I agree that this appears to be a bug. Indeed, the partial sums described by the OP in a comment are the same. For instance
Table[Sum[(-1)^ m*(1/Binomial[2*m + 2, 2] + 1/Binomial[2*m + 3, 2]), {m, 0, mm}],
{mm, 0, 20}] ==
Table[Sum[(-1)^Floor[n/2]/Binomial[n + 2, 2], {n, 0, nn}], {nn, 1, 41, 2}]
(* True *)
This is because sums of pairs of terms in the second Sum
equal individual terms in the first Sum
, as is evident by examining the expressions themselves as well as by adding the terms numerically.
Table[(-1)^m*(1/Binomial[2*m + 2, 2] + 1/Binomial[2*m + 3, 2]), {m, 0, 9}]

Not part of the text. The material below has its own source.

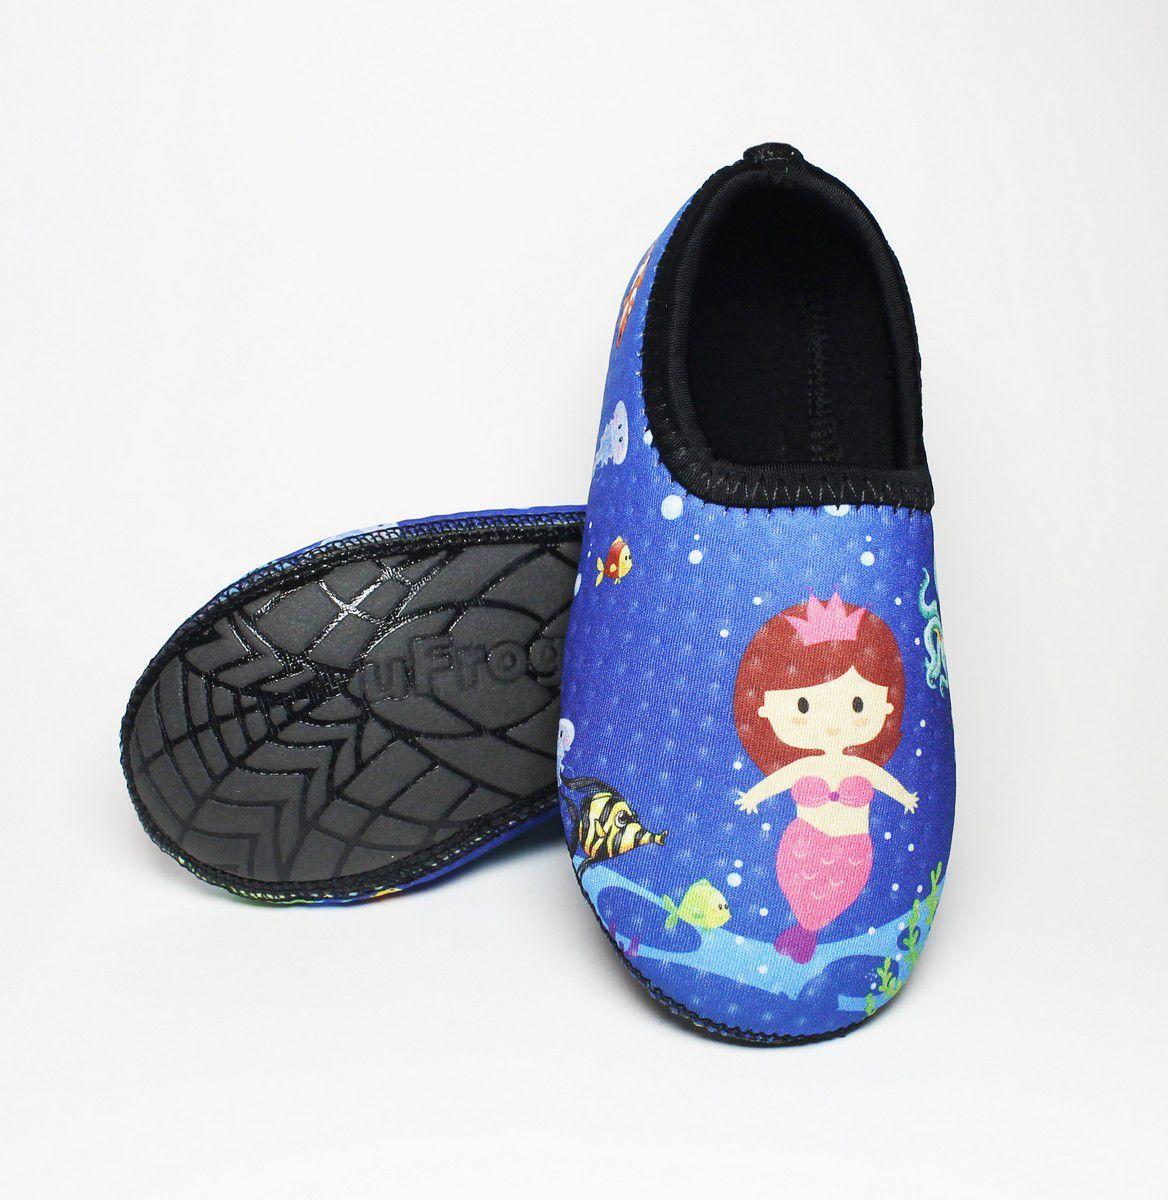 Sapato de Neoprene Fit Sereia Ufrog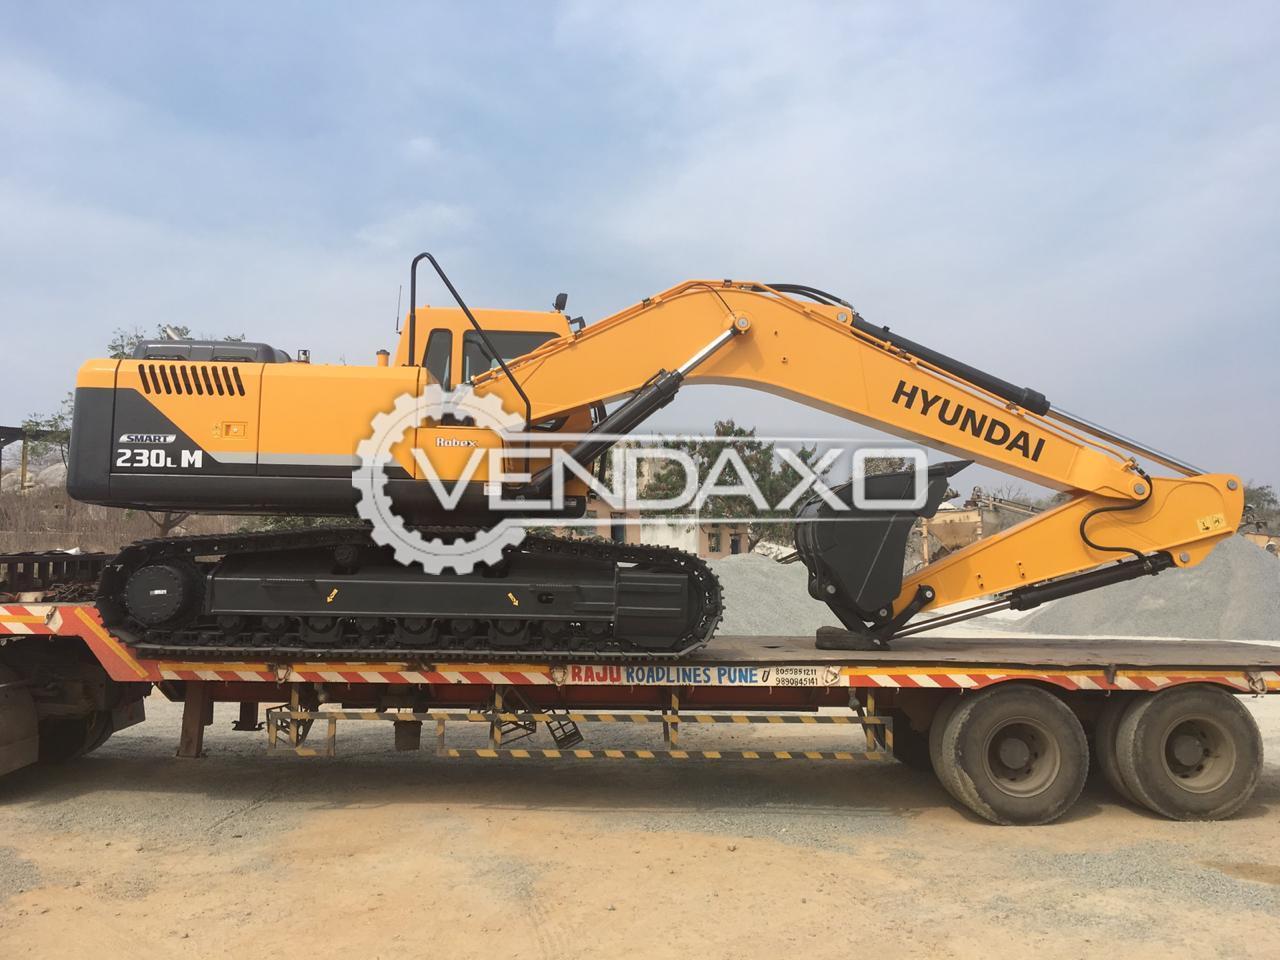 Hyundai 230LM Smart Excavator - 148 HP

(* {4/3, -(4/15), 4/35, -(4/63), 4/99, -(4/143), 4/195, -(4/255), 4/323, -(4/399)} *)
Table[(-1)^Floor[n/2]/Binomial[n + 2, 2], {n, 0, 19}]
Total[#] & /@ Partition[%, 2]
(* {4/3, -(4/15), 4/35, -(4/63), 4/99, -(4/143), 4/195, -(4/255), 4/323, -(4/399)} *)
The sums indeed are converging to -2 + π
(-2 + π) // N
(* 1.14159 *)
Sum[(-1)^m*(1/Binomial[2*m + 2, 2] + 1/Binomial[2*m + 3, 2]), {m, 0, 1000}] // N
(* 1.14159 *)
Sum[(-1)^Floor[n/2]/Binomial[n + 2, 2], {n, 0, 2001}] // N
(* 1.14159 *)
which is distinctly different from
2 (-1 + Log[4]) // N
(* 0.772589 *)
Addendum: These computations were performed with version 10.3. The same problem occurs in version 9.0.